About half its 195 lawyers including Managing Partner Paul Tvetenstrand are joining a Chicago-based rival, Sonnenschein, Nath & Rosenthal, as of Jan. 1.
Just three weeks ago, the Treasury Department awarded Thacher Proffitt a contract for up to $500,000 of legal services to assist the department with investments under the Troubled Asset Relief Program and a related Federal Reserve lending program for asset-backed securities. That work will be performed by some of the attorneys who are moving to Sonnenschein, according to Bloomberg News.
Thacher Proffitt led Thomson Financial's 2007 league table among U.S. law firms advising issuers of asset-backed deals, advising 202 transactions valued at $102 billion.

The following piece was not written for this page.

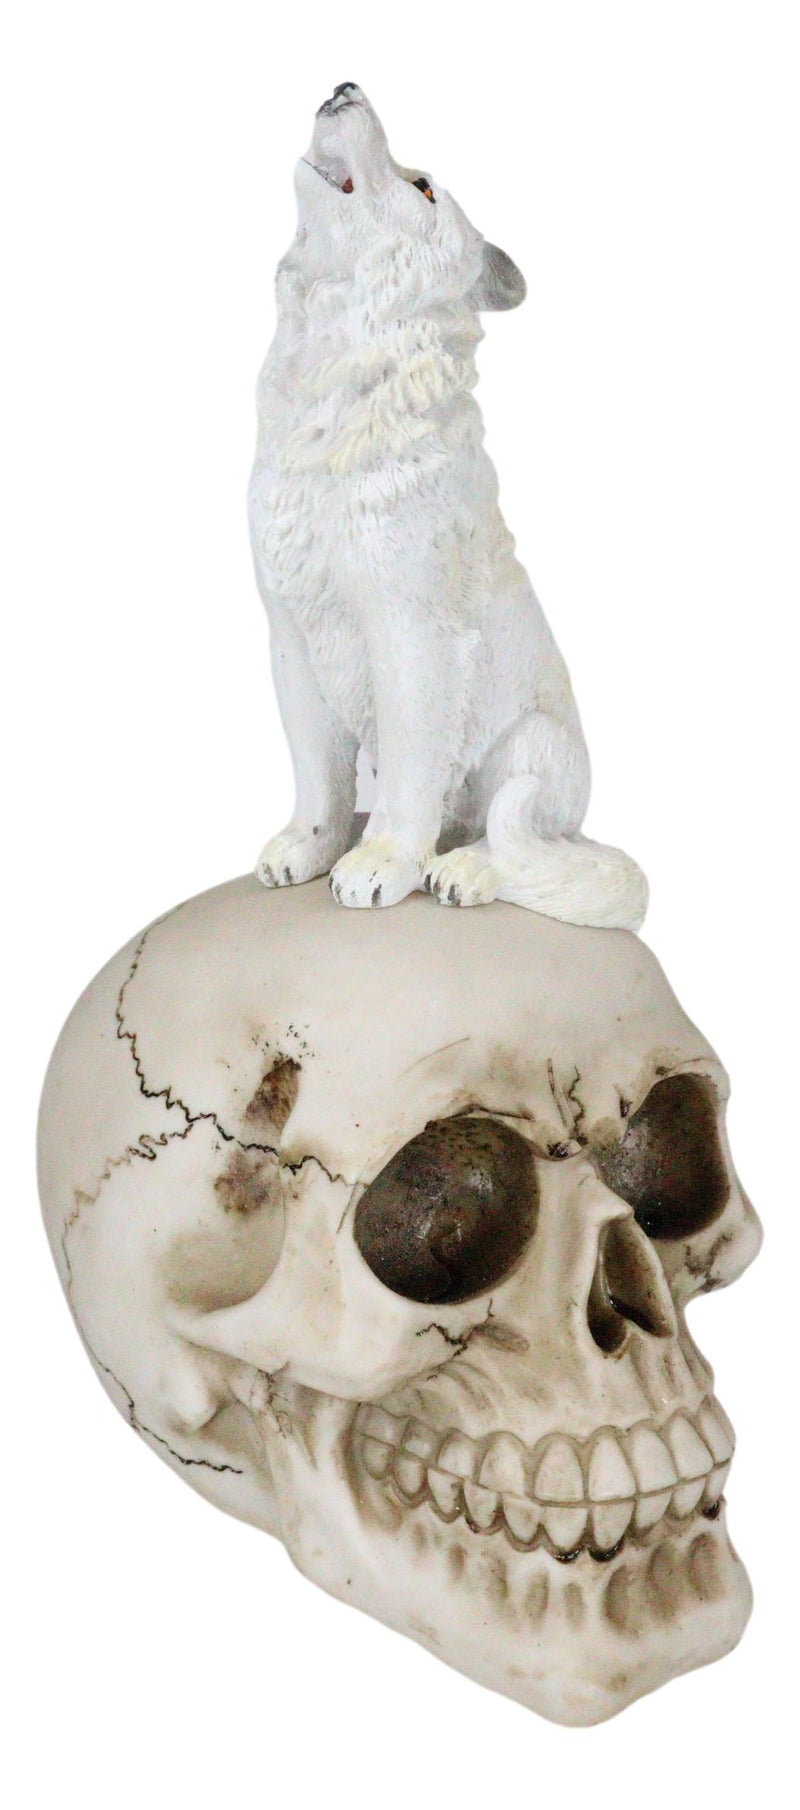 Gothic Full Moon Howling White Wolf Sitting On Graveyard Macabre Skull Figurine

It was the third-ranked law firm advising managers of both asset-backed and mortgage-backed securites that year, according to its Web site. As that business withered in 2008, it shrank from a peak of 350 lawyers to 195 before the latest departures.
However, Thacher Proffitt also had substantial practices in banking and financial institutions, bankruptcy, compensation and benefits, distressed assets, environmental issues, investment management, litigation, maritime, tax, technology and intellectual property, and trusts and estates.
The 160-year old firm had been discussing a merger with an unnamed firm for six months, but "in the current economic environment it became apparent ...that a merger could not be executed," the company announced last week. "As a result, and in light of severe reductions in revenue, it became clear that Thacher Proffitt would not have the financial resources to continue business operations in its current form into the new year."
Thacher Proffitt becomes the fourth U.S. law firm to announce plans to close this year, according to Bloomberg. Dozens more firms have laid off attorneys and staff, especially in structured finance and real estate.